Exercise description:
Leaving out all pictures, reproduce the entries below exactly, from the first line through the line that contains "Vicks VapoRub is".

Information provided:

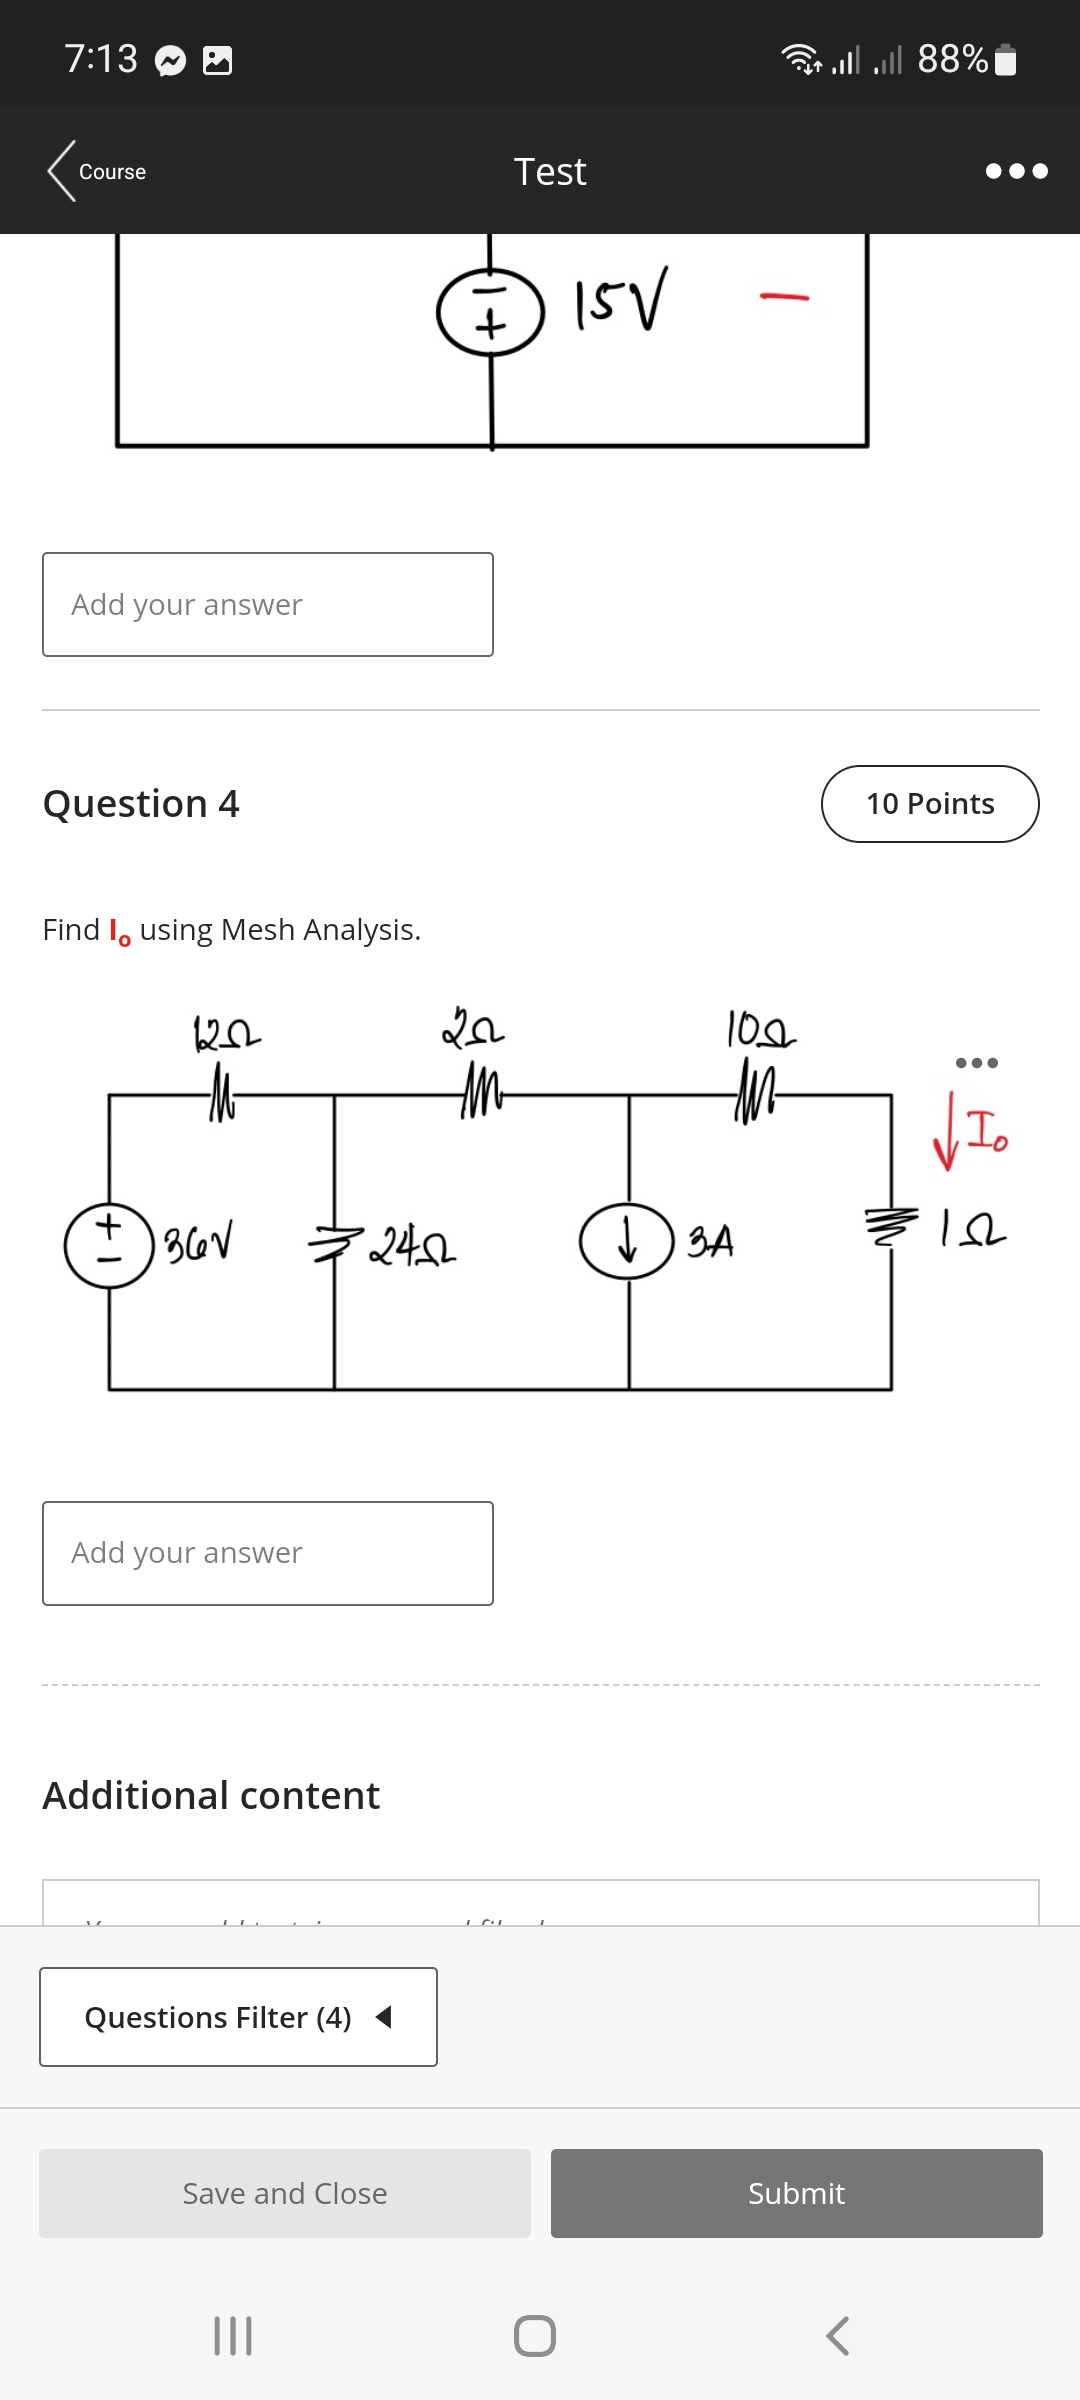 7:13
Course
Add your answer
Question 4
Find I, using Mesh Analysis.
+
12-02
-M-
36√
Add your answer
Additional content
Questions Filter (4)
245
Save and Close
|||
1+
22
M
Test
O
15%
100
3A
Submit
أ%88 | |
<
10 Points
Io
18
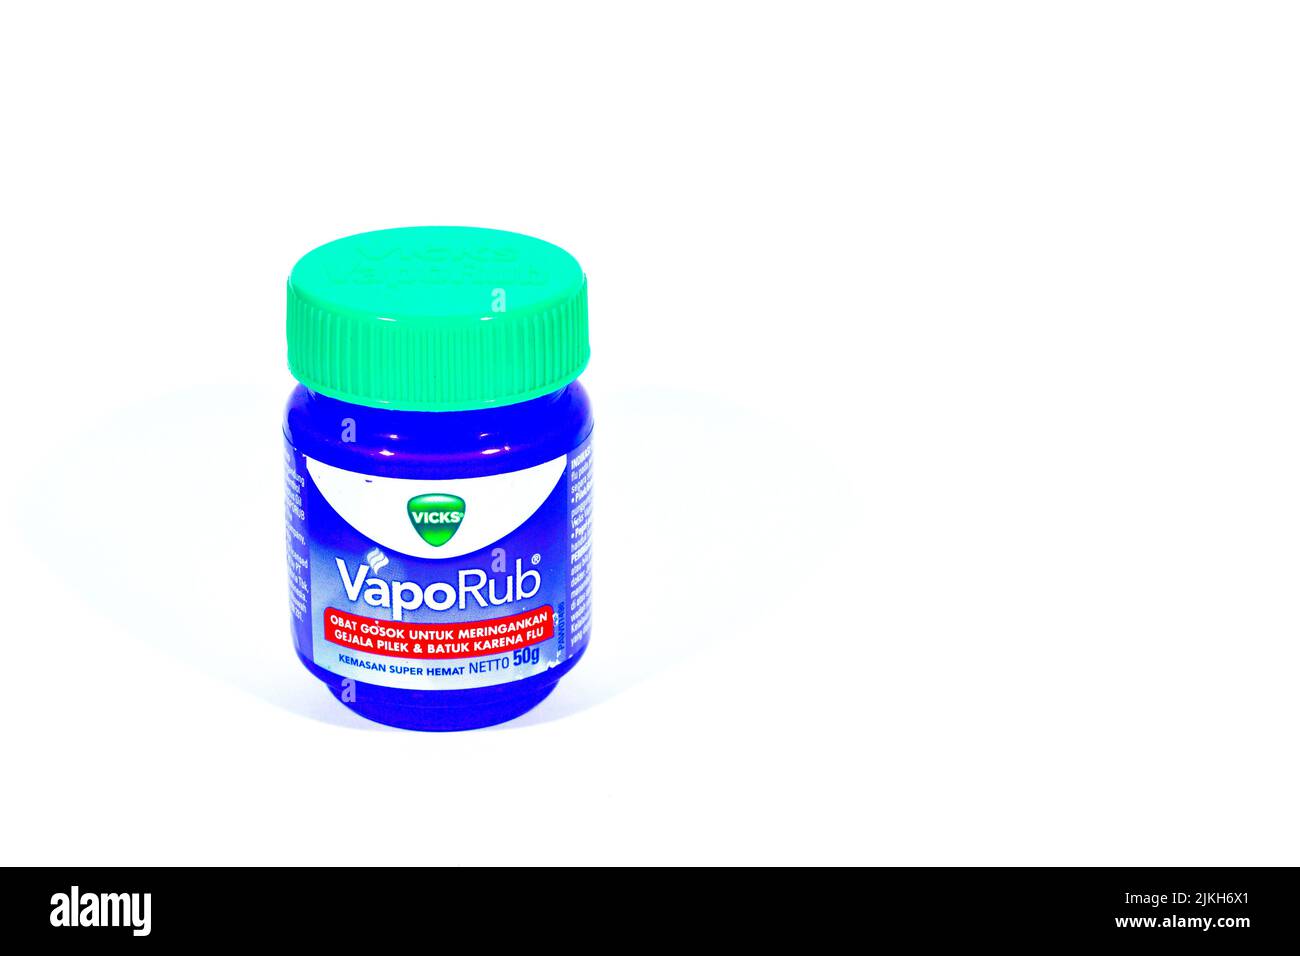 Vicks VapoRub is a mentholated topical ointment, part of the Vicks brand of over-the-counter medications owned by the American consumer goods company Stock Photo
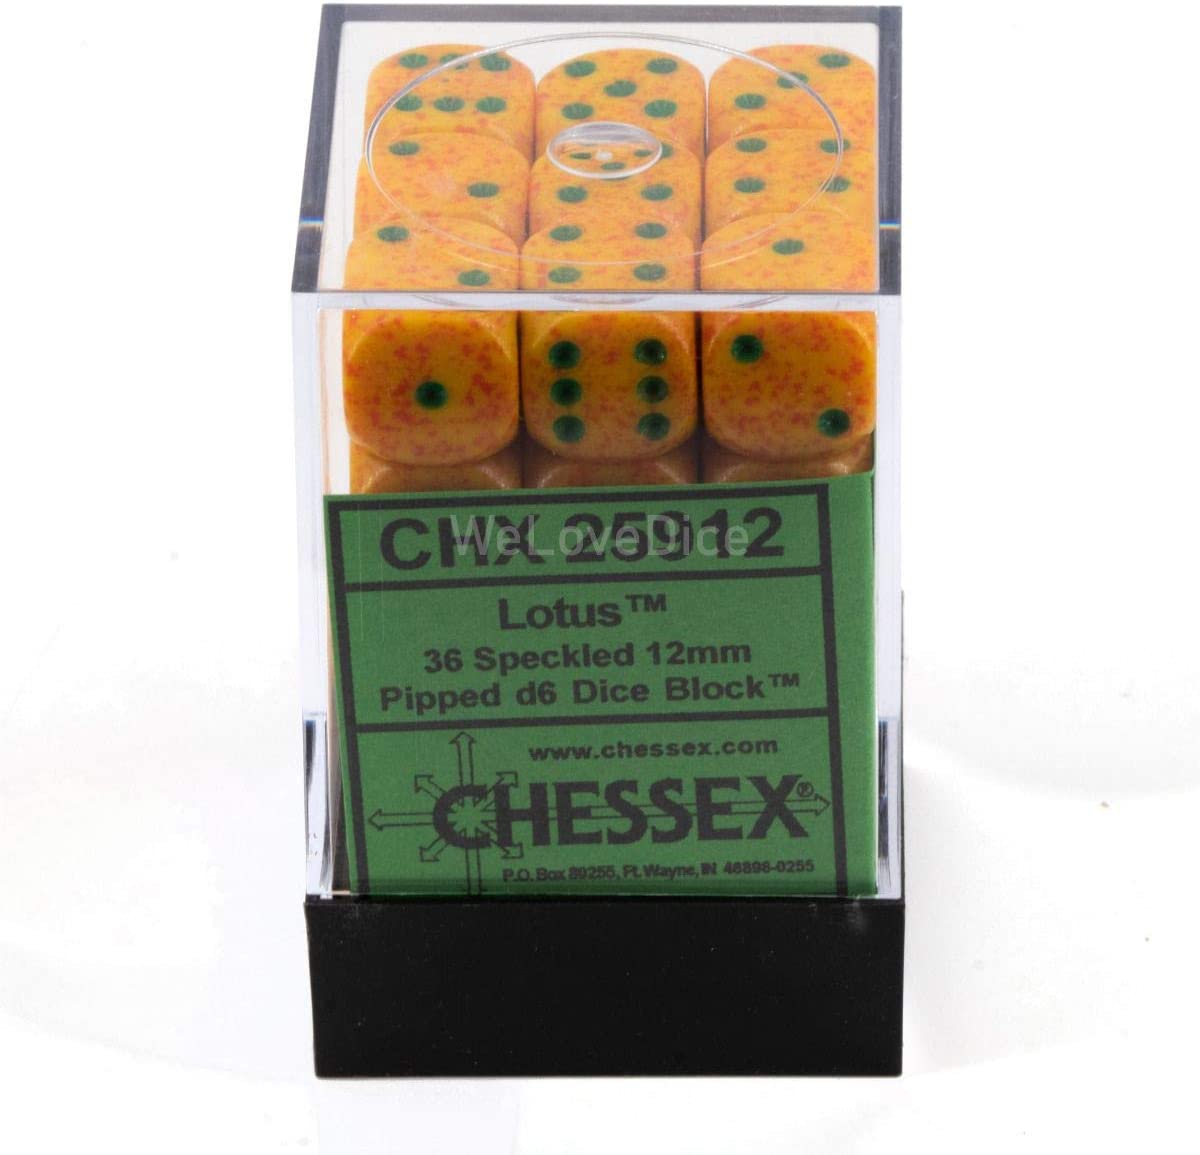 Chessex Dice: D6 Block 12mm - Speckled - Lotus (CHX 25912) - Gamescape

Exercise response:
 7:13
Course
Add your answer
Question 4
Find I, using Mesh Analysis.
+
12-02
-M-
36√
Add your answer
Additional content
Questions Filter (4)
245
Save and Close
|||
1+
22
M
Test
O
15%
100
3A
Submit
أ%88 | |
<
10 Points
Io
18
 Vicks VapoRub is a mentholated topical ointment, part of the Vicks brand of over-the-counter medications owned by the American consumer goods company Stock Photo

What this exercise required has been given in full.